_Exercise directions:_
Print the lines from the one containing "Jenny Packham Apache" through the end of the material below, both included, exactly as they appear and without pictures.

START Data extract

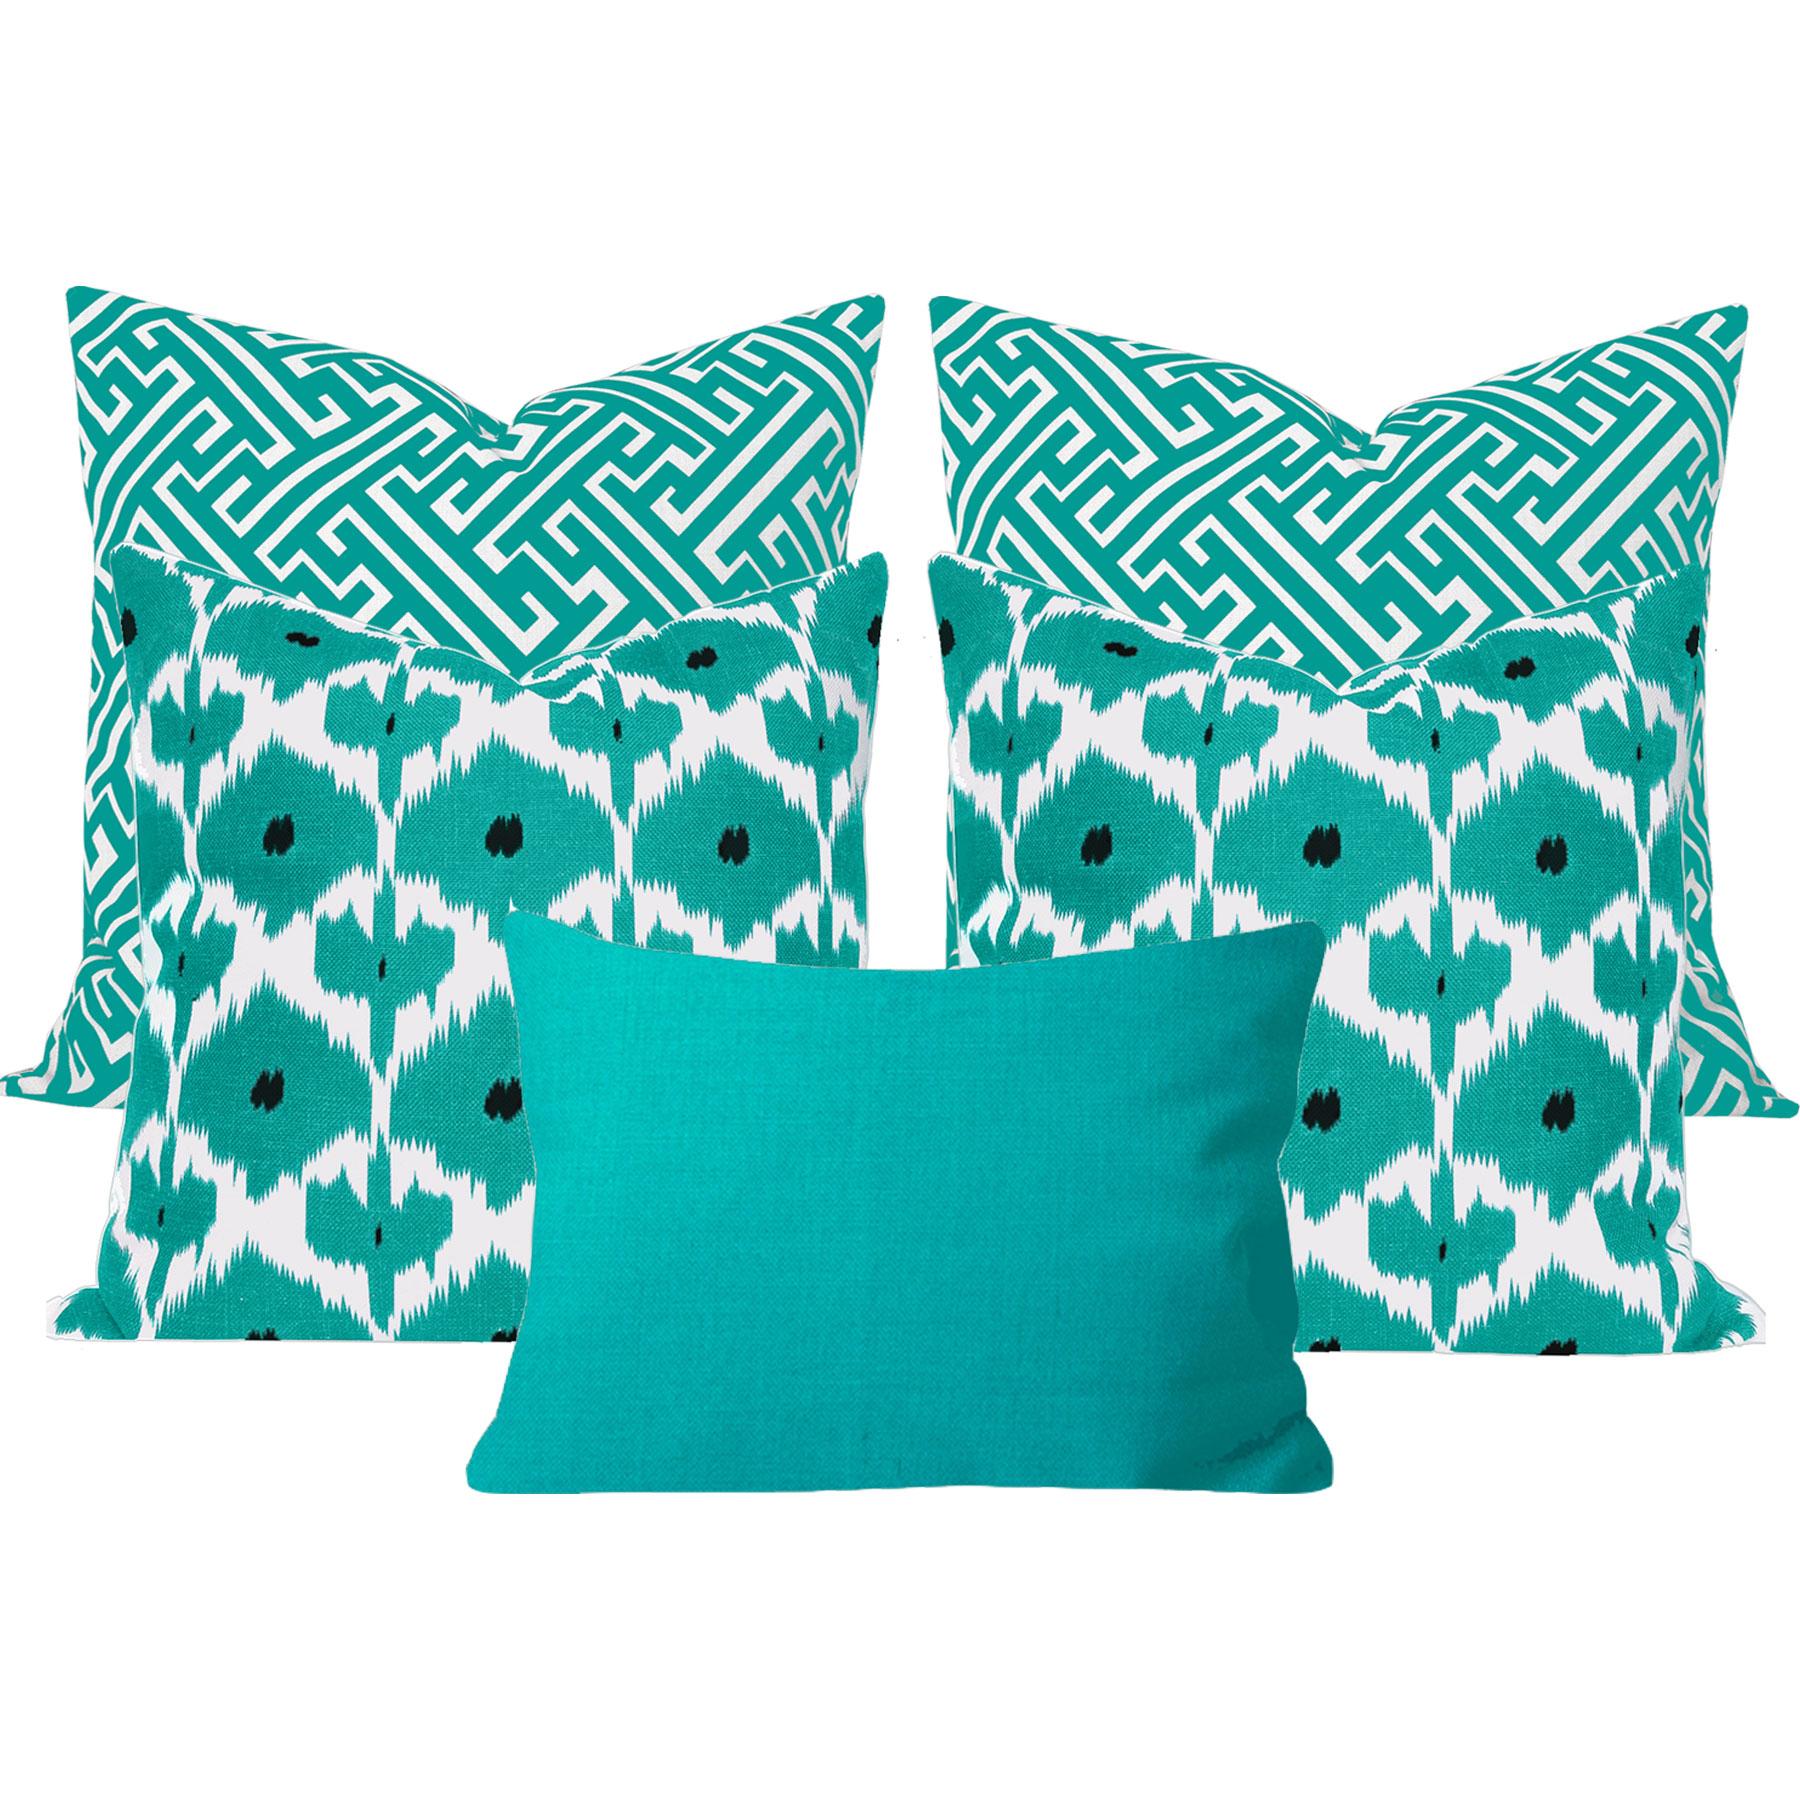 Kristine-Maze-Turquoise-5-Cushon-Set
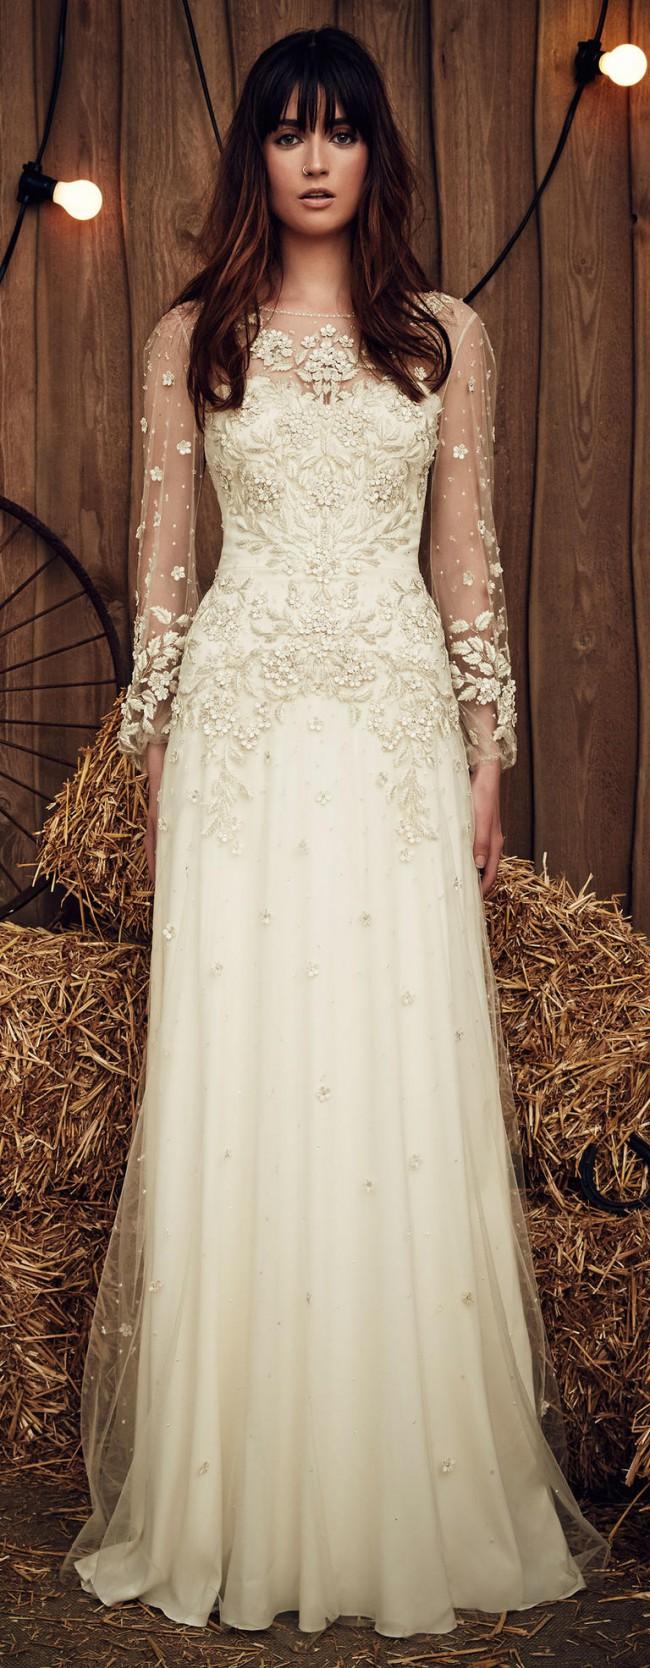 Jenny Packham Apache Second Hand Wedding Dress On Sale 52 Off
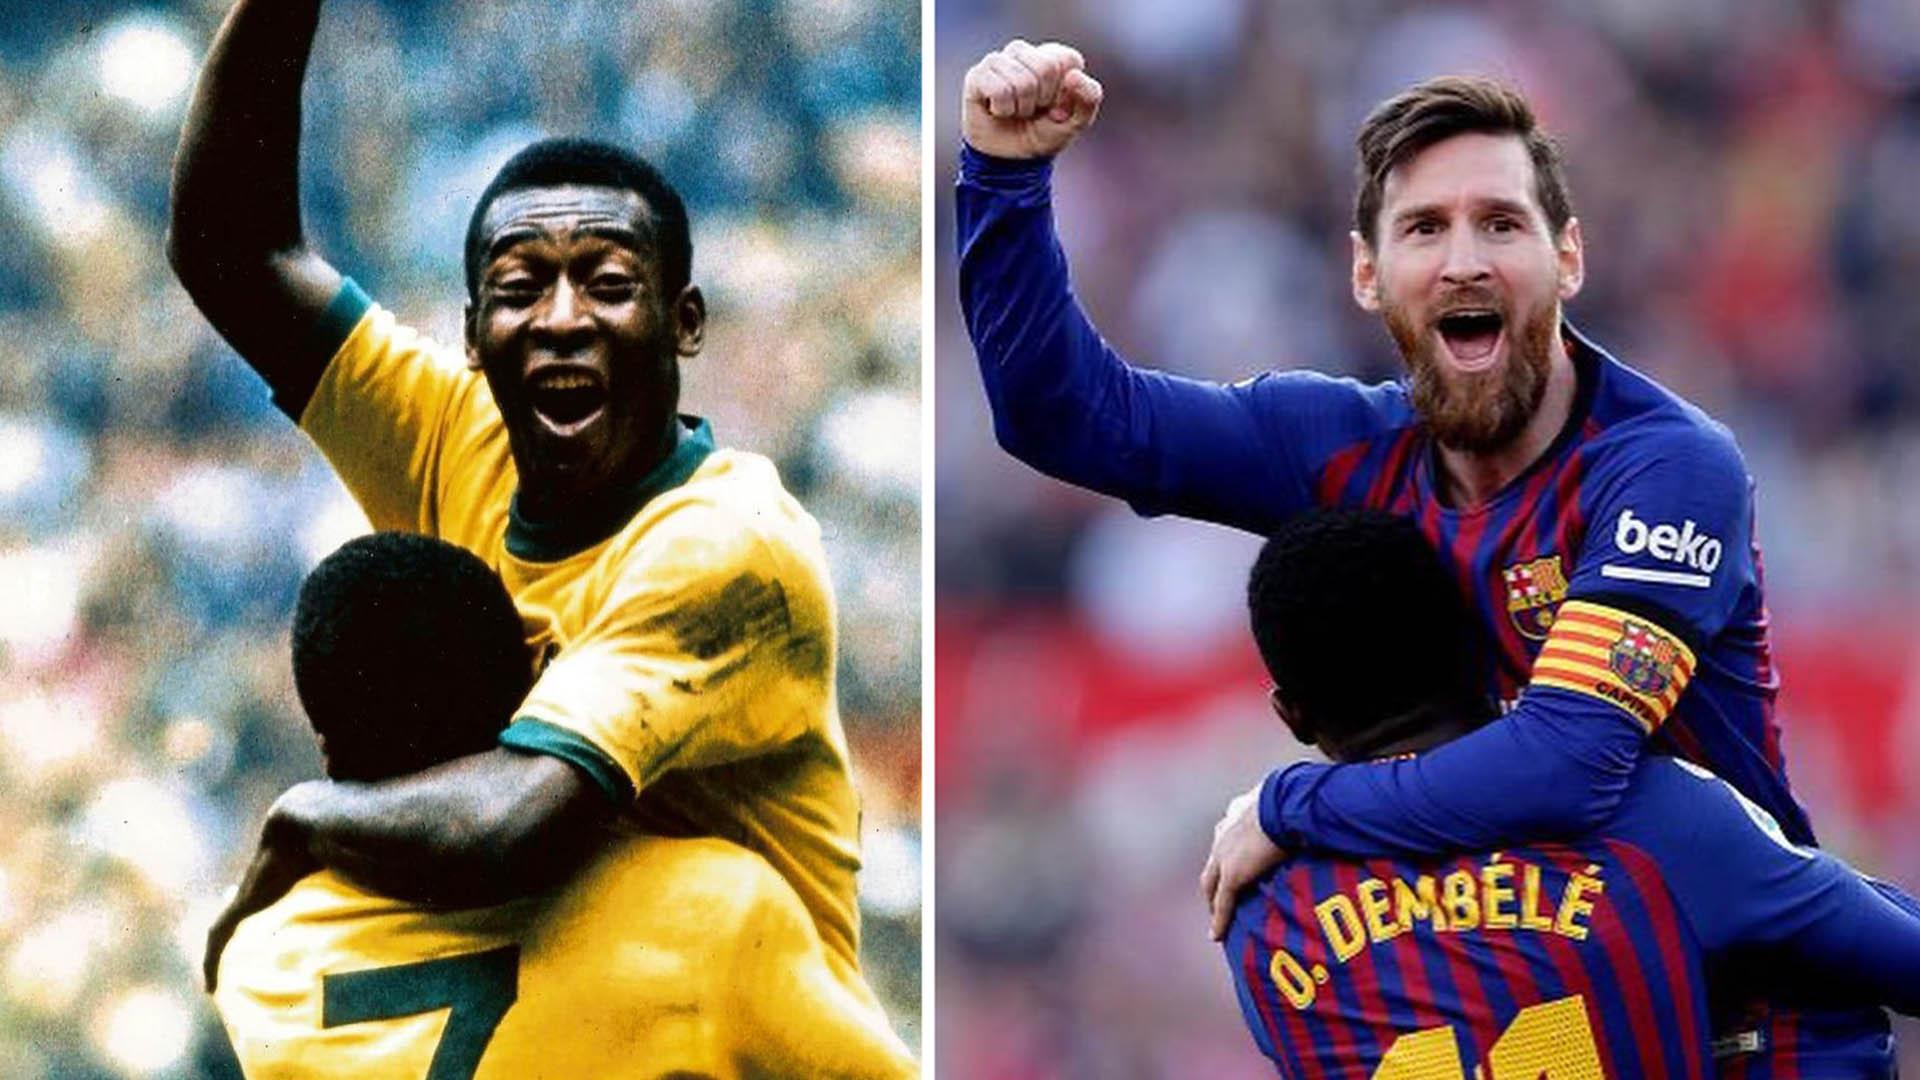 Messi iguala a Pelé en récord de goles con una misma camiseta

END Data extract

_Result of the task:_
 Jenny Packham Apache Second Hand Wedding Dress On Sale 52 Off
 Messi iguala a Pelé en récord de goles con una misma camiseta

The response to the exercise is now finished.